Unable to view the pyspark job in Spline using ec2 instance

196 Views Asked by At

We created a sample pyspark job and gave the spark-submit commands as following in ec2 instance

sudo ./bin/spark-submit --packages za.co.absa.spline.agent.spark:spark-3.1-spline-agent-bundle_2.12:0.6.1 --conf “spark.sql.queryExecutionListeners=za.co.absa.spline.harvester.listener.SplineQueryExecutionListener” --conf "spark.spline.lineageDispatcher.http.producer.url=http://[ec2] (http://localhost:8080/producer):8080/producer" --conf "spark.spline.lineageDispatcher=logging" /home/ec2-user/spline-sandbox/mysparkjob.py

we are able to view the output in the console but unable to view in spline UI what additional steps need to be done ?

Through docker how can we embed the pyspark job on an ec2 instance ?

1

There are 1 best solutions below

0
On

You set spark.spline.lineageDispatcher=logging that means instead of sending the lineage to spline server it is just written into the log.
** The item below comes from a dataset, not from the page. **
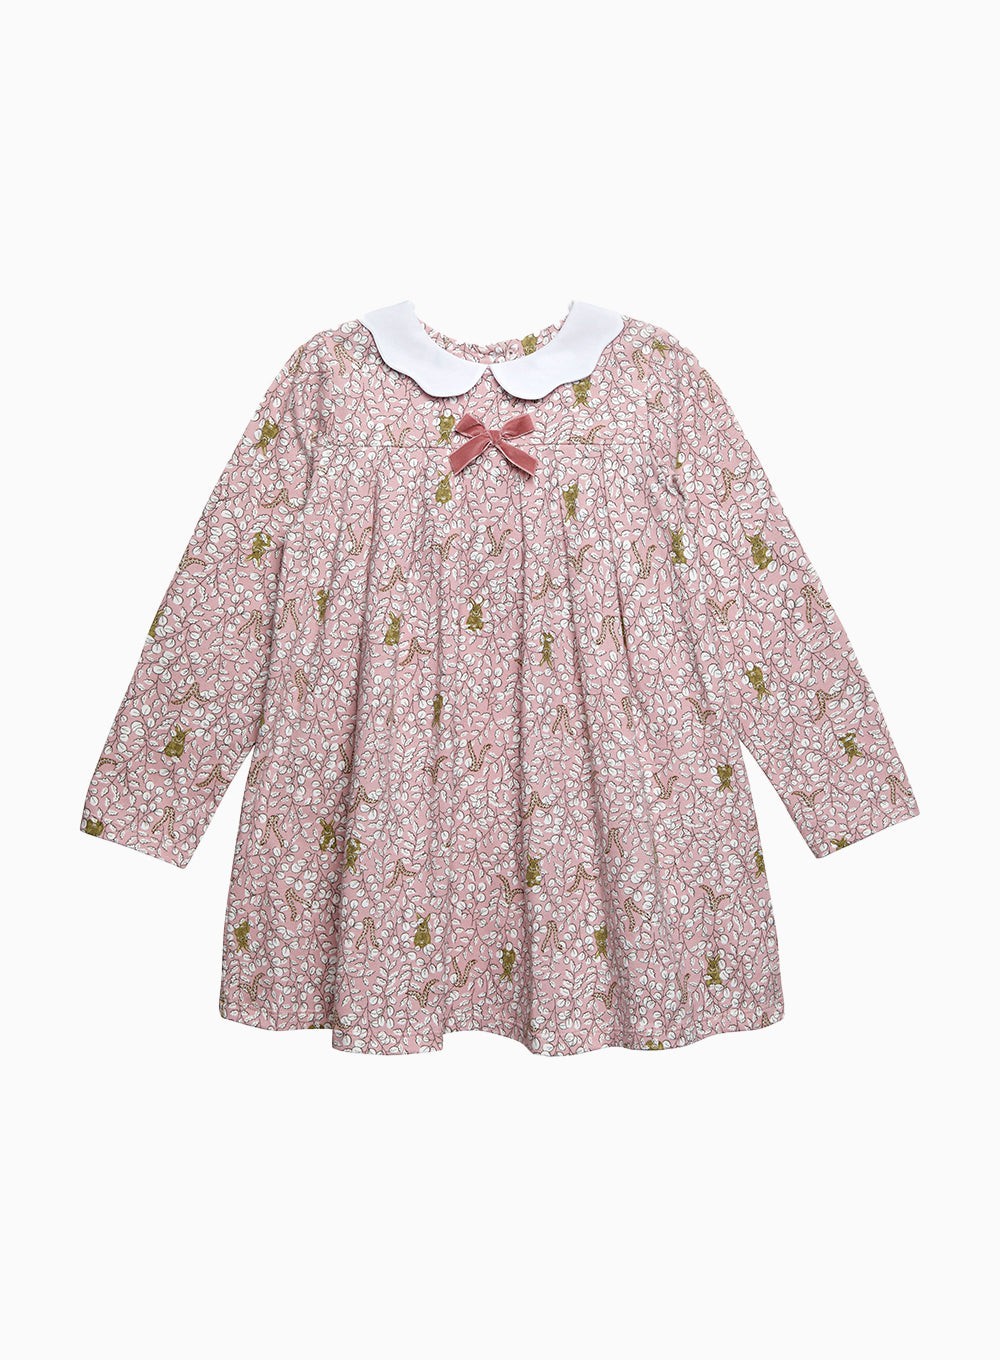 Confiture Dress Woodland Bunny Jersey Dress in Rose

If you leave that out or set spark.spline.lineageDispatcher=http (which is the default) the lineage data should be send to spark.spline.lineageDispatcher.http.producer.url

I would also recommend using the latest version of spline currently 0.7.12.

You can see documentation of dispatchers and other Spline Agent features here: https://github.com/AbsaOSS/spline-spark-agent/tree/develop if using older version change the branch/tag to see older version of the docuemntation.